• **Description of the task**
Write out exactly the lines from the one containing "Женские кроссовки BaaS Runners бежевые 39 р." to the end of the material, both ends included, and nothing else. Leave pictures out.

• **Dataset section**
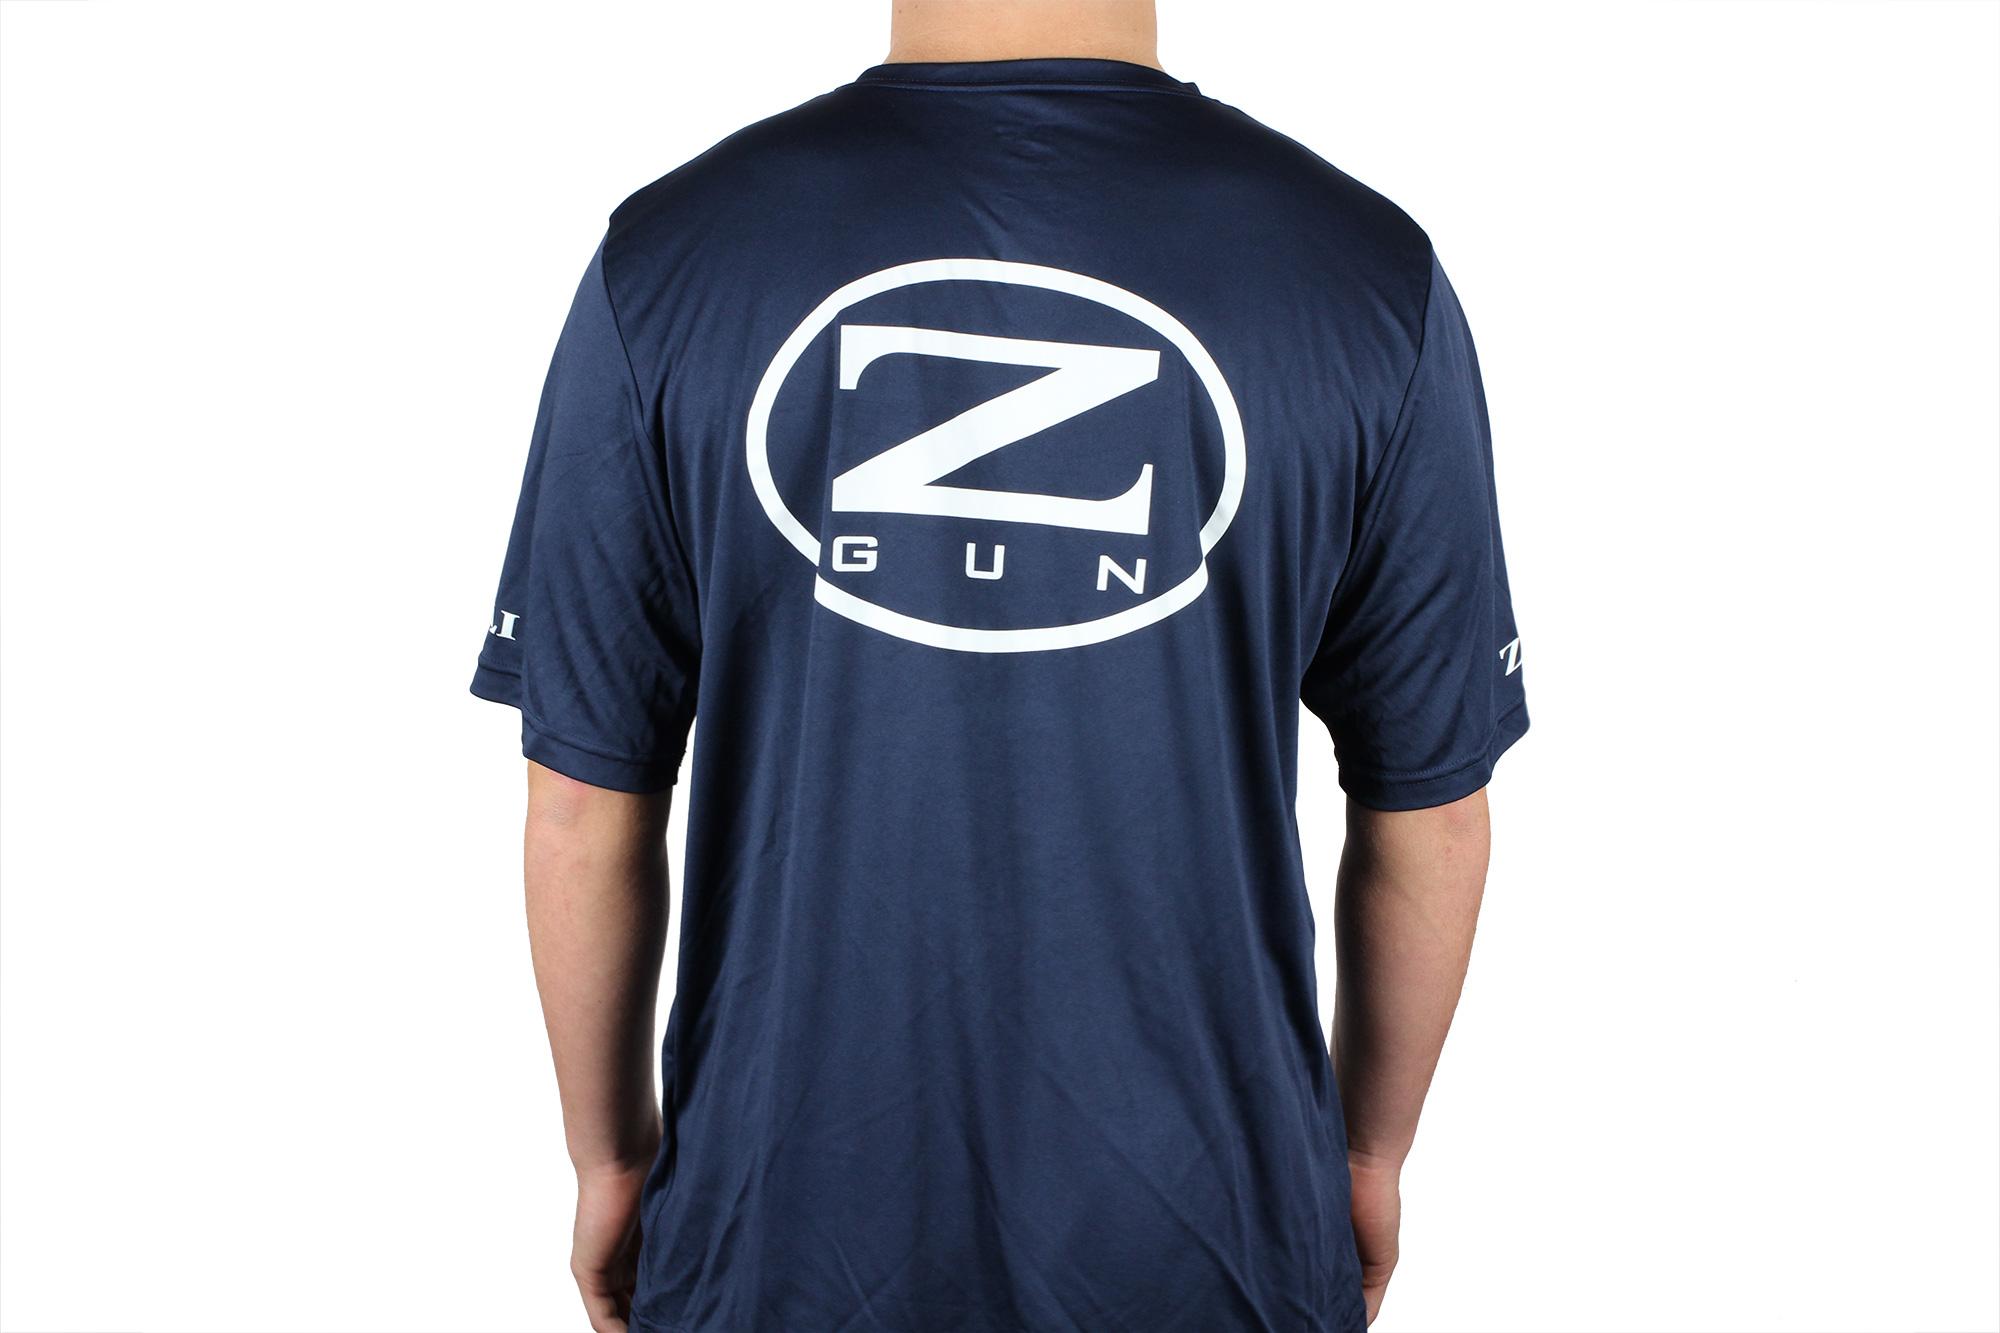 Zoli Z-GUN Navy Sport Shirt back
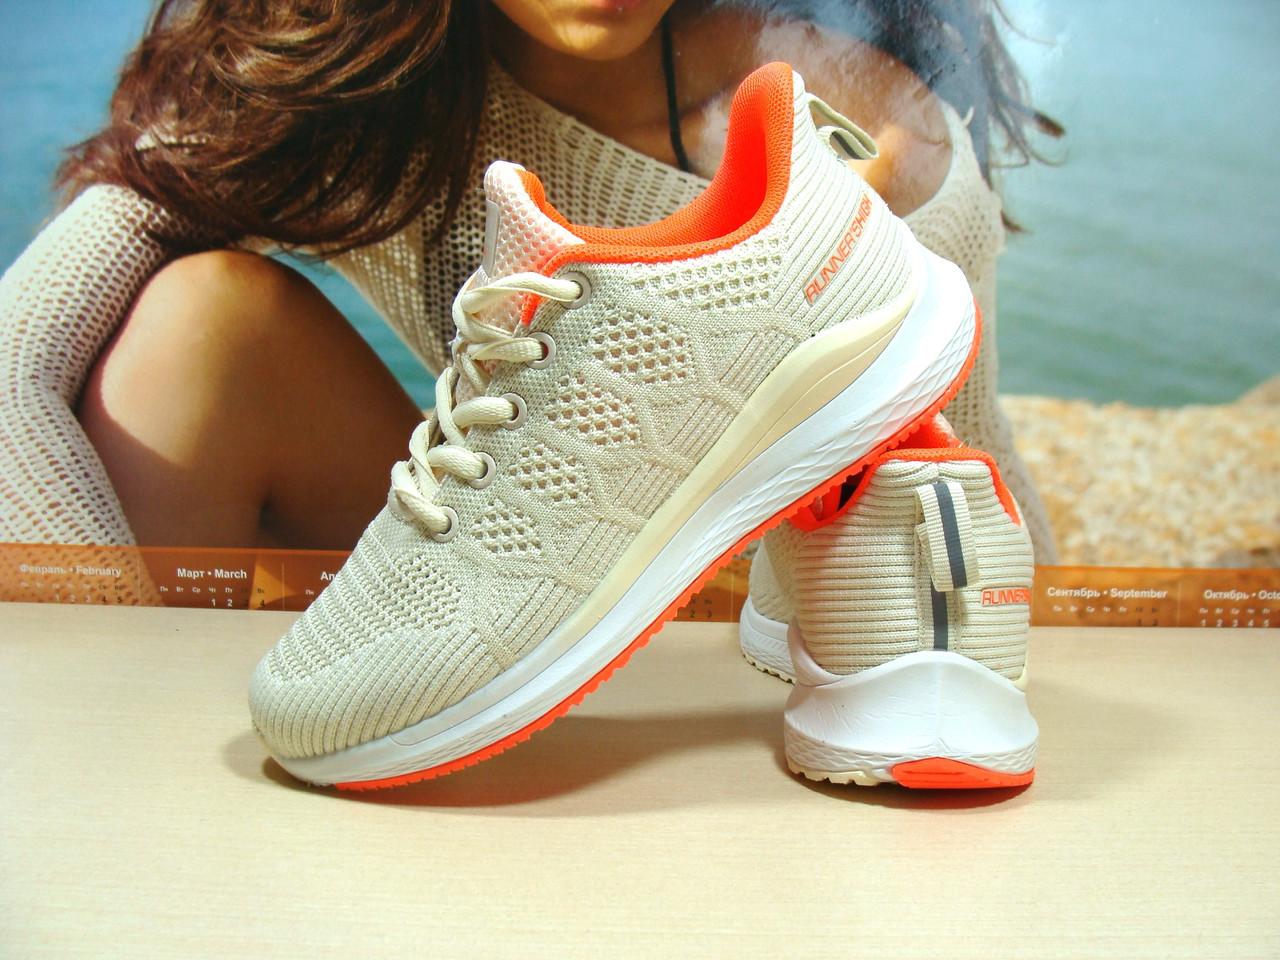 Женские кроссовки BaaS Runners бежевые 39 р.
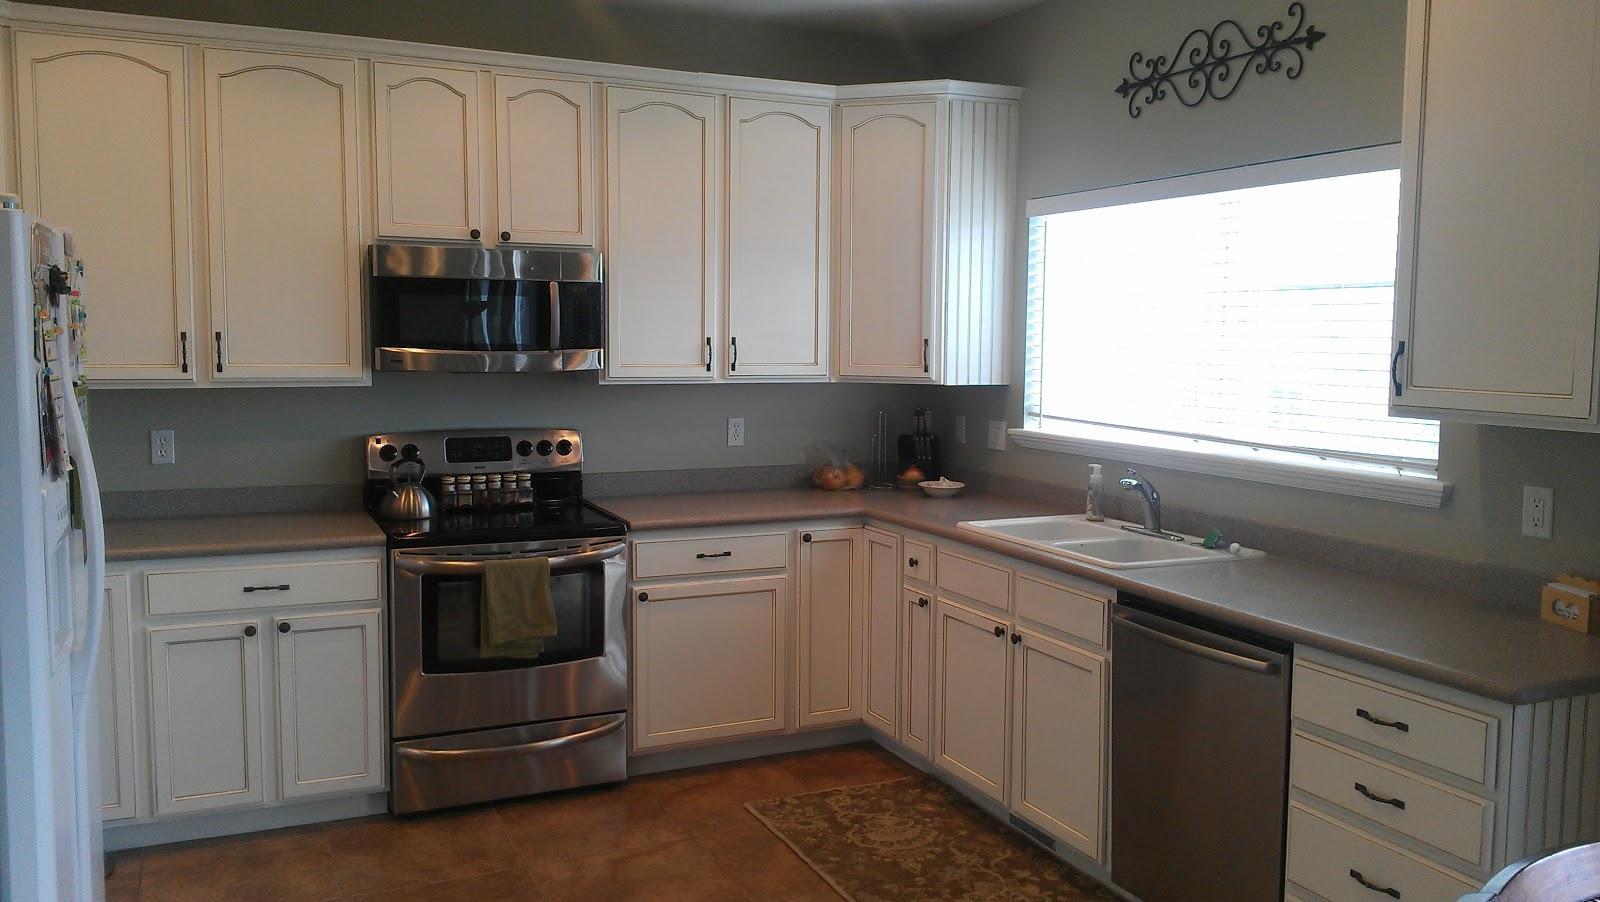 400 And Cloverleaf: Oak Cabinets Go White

• **Answer to this task**
 Женские кроссовки BaaS Runners бежевые 39 р.
 400 And Cloverleaf: Oak Cabinets Go White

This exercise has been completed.